Jojo (je ne sais plus lequel) me raconte son quotidien de jeune producteur, à la rencontre d'artistes indépendants et de jeunes cinéastes. J'étais captivé par ce qu’il racontait. 

Je lui demande : 

- C’est rentable ton histoire ?

Il me regarde, allume sa clope : 

- Absolument pas !

Ma fascination venait de chuter. Ce n'était certainement pas grâce à l’argent qu’il gagnait qu’il avait pu se payer son costume…

***

- Dis-moi, la spé cinéma au lycée elle est bien ?

- Oh non… Moi ça ne m'intéresse pas, je me suis mise dans cette spé comme ça, me répond l’une des filles.

- Ah ouais ? … 

Ma tentative d’approche sur le cinéma venait de s’écrouler. Pourtant l’espoir fait vivre. J'accours auprès d’une autre fille de la spécialité.

- Dis-moi, la spé cinéma au lycée elle est bien ?

- Je ne suis pas venu de l’année.

Encore. La déception est un sentiment à rebours qui ne submerge qu’une fois au fond.

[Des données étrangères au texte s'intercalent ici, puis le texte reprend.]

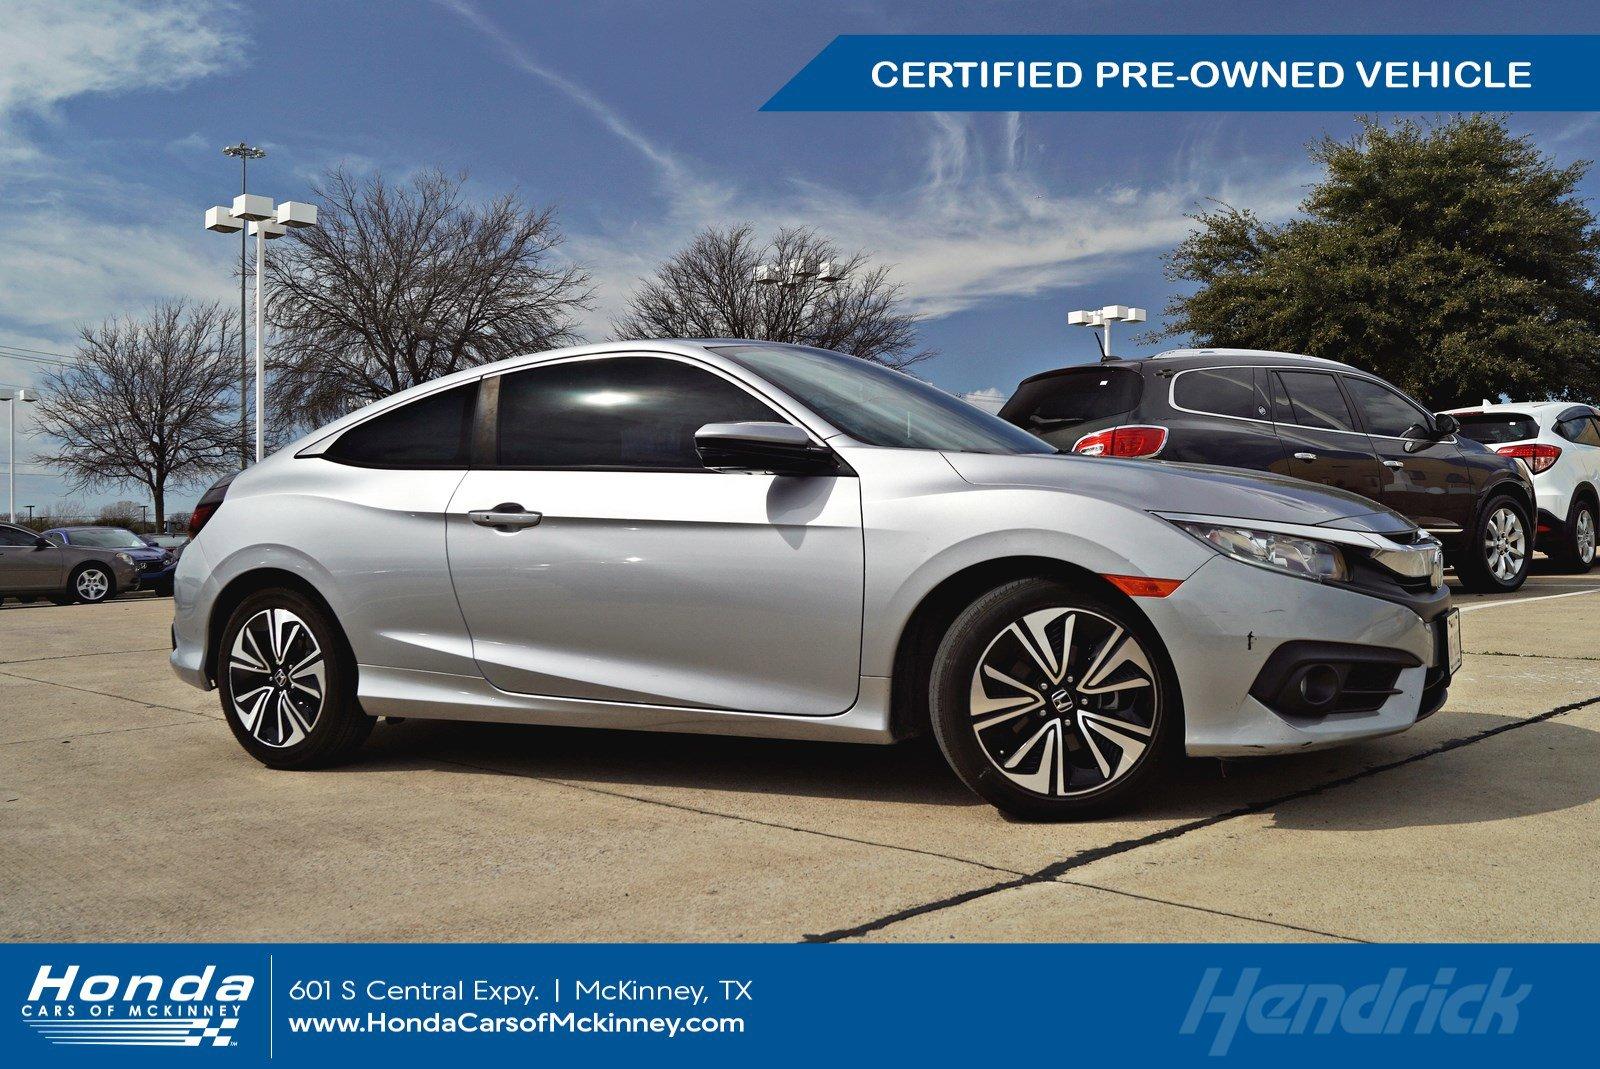 2017 Honda Civic EX-T Coupe image
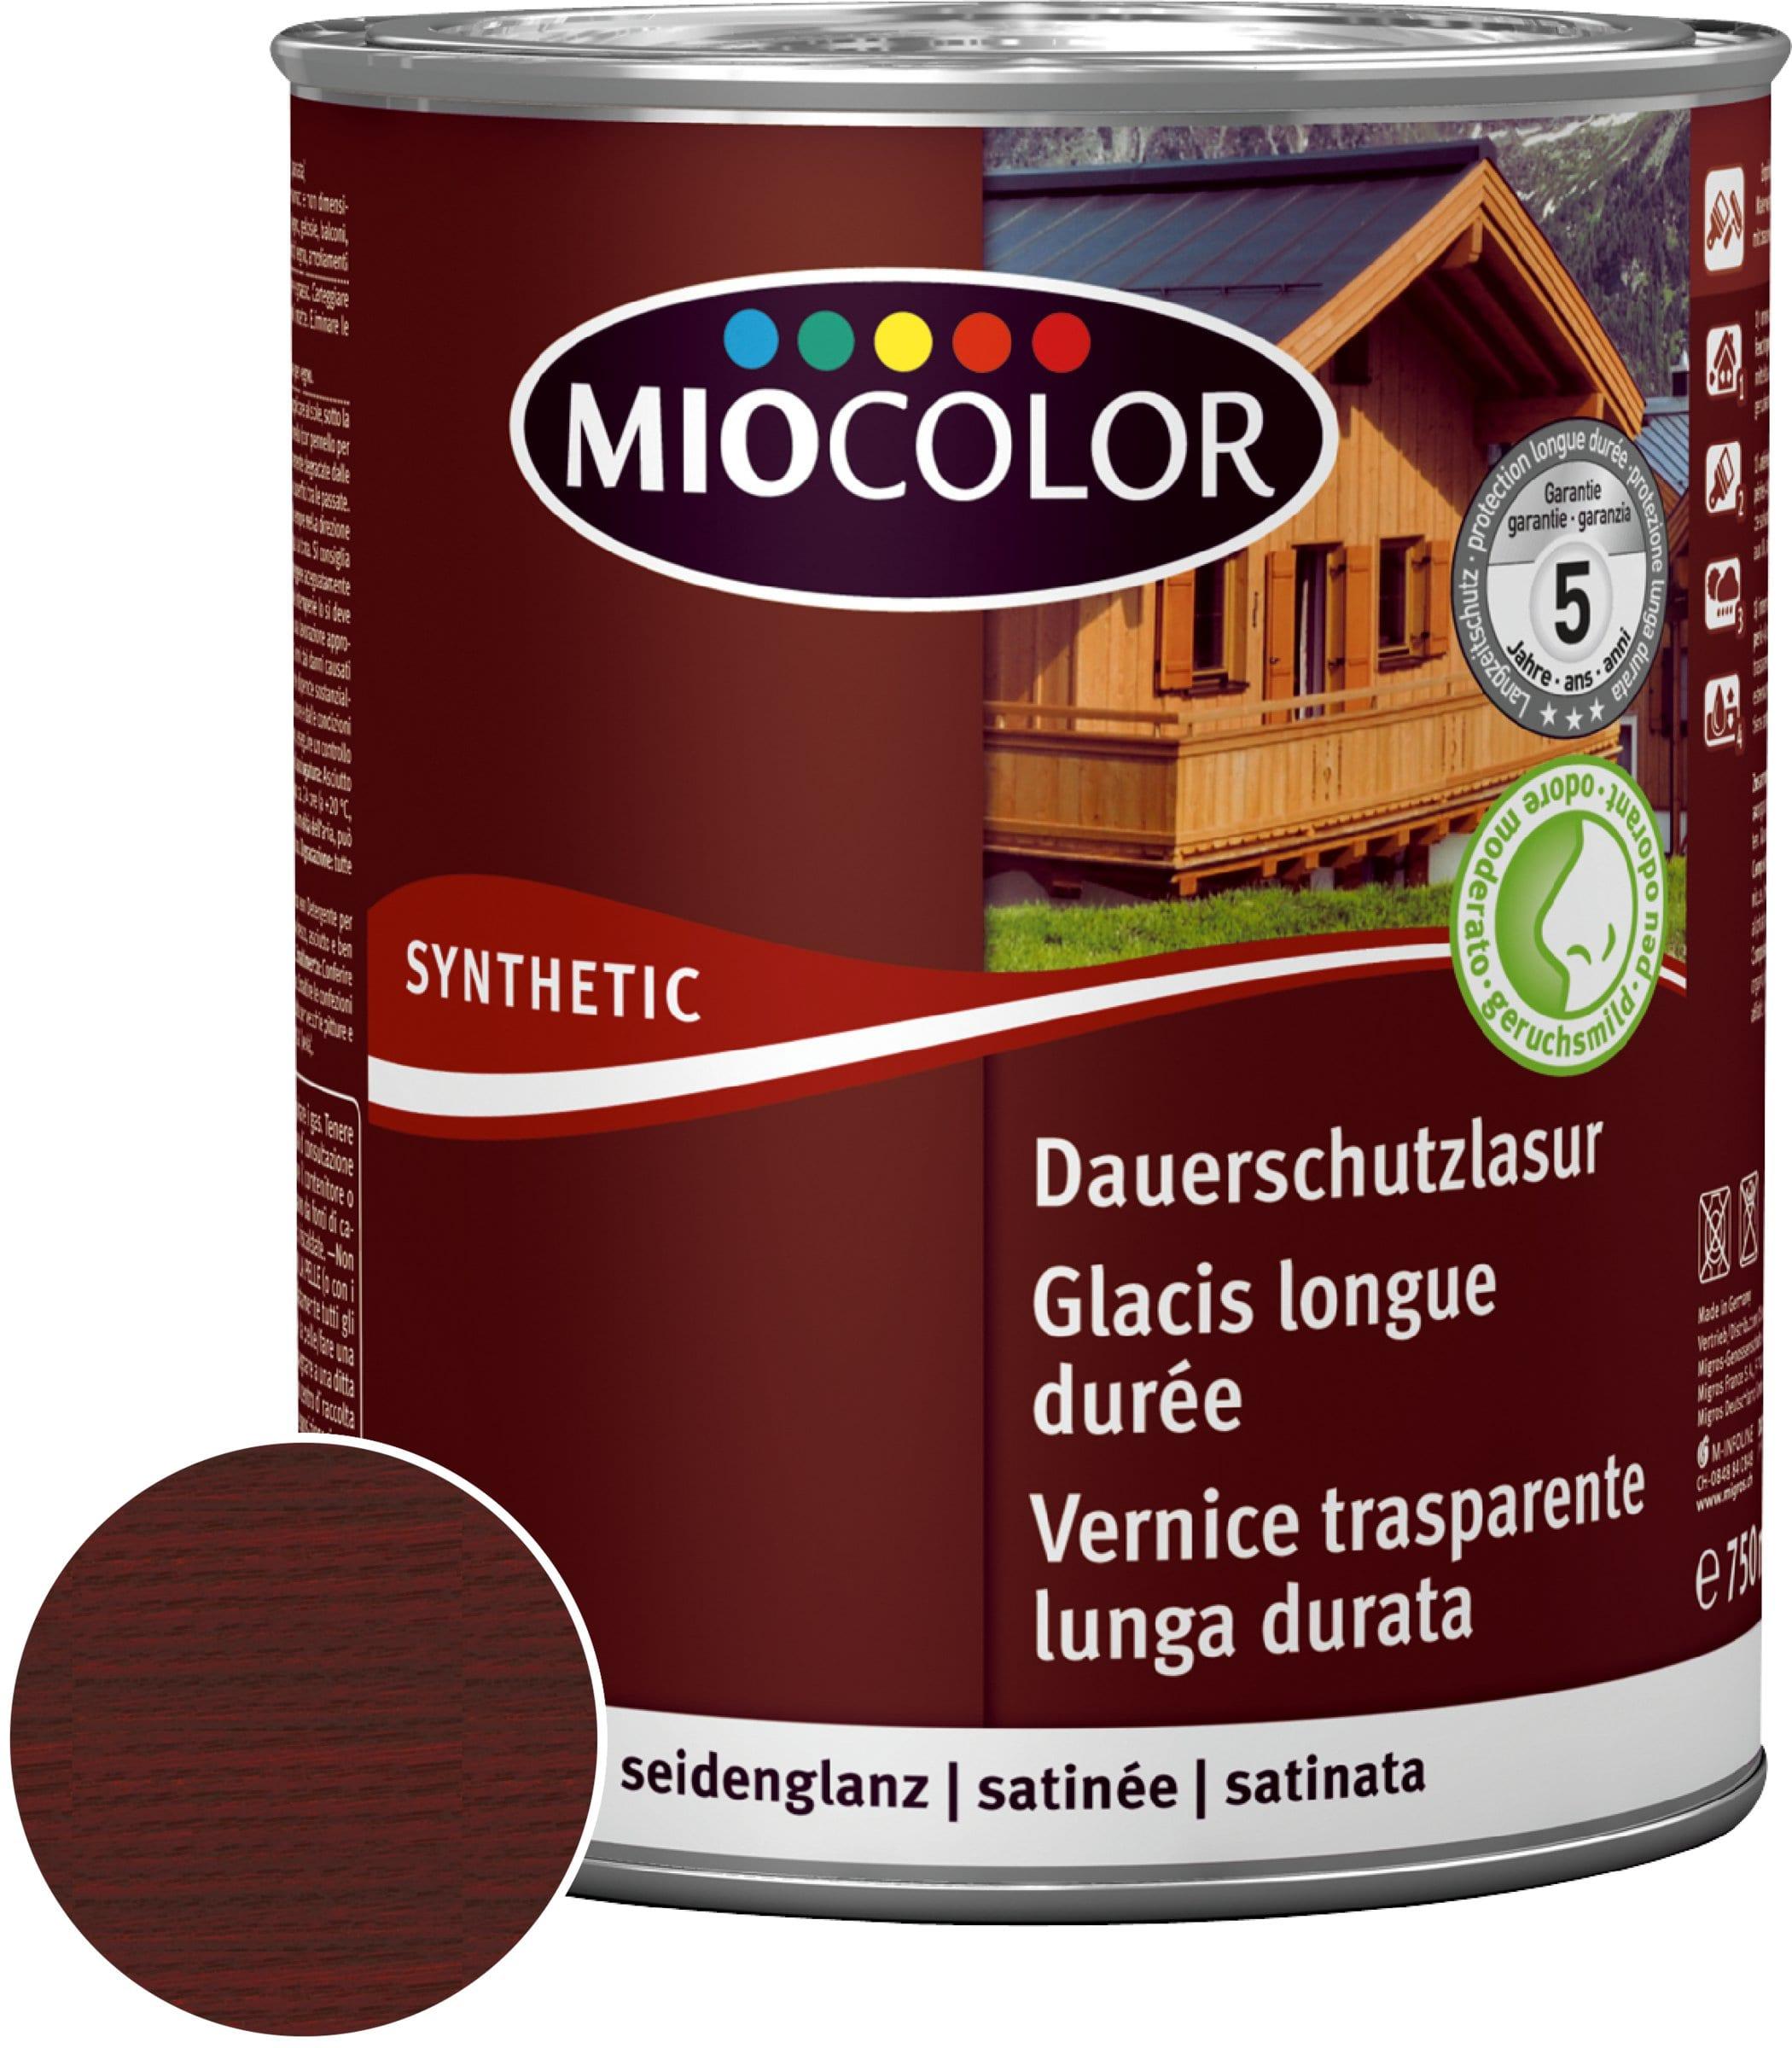 Miocolor Vernice trasparente lunga durata Palissandro 750 ml

La suivante doit forcément être une passionnée (comme moi), qui a dû voir Taxi Driver, le Parrain, Apocalypse now ou même Scarface et Casablanca ! 

- Dis-moi, la spé cinéma au lycée elle est bien ?

- Franchement c’est incroyable.

- Ah oui, vous y faites quoi ?

- On regarde des films, des exos mais surtout des cours.

L’espoir renaît au fond de cette mouise. La conversation avance parfaitement sur les points de vue techniques et matériels. Cependant, ce qui m’intéresse c’est surtout le cerveau de celui qui produit une œuvre. Ce que j’entends par là, c’est comment elle voit le cinéma et l’art.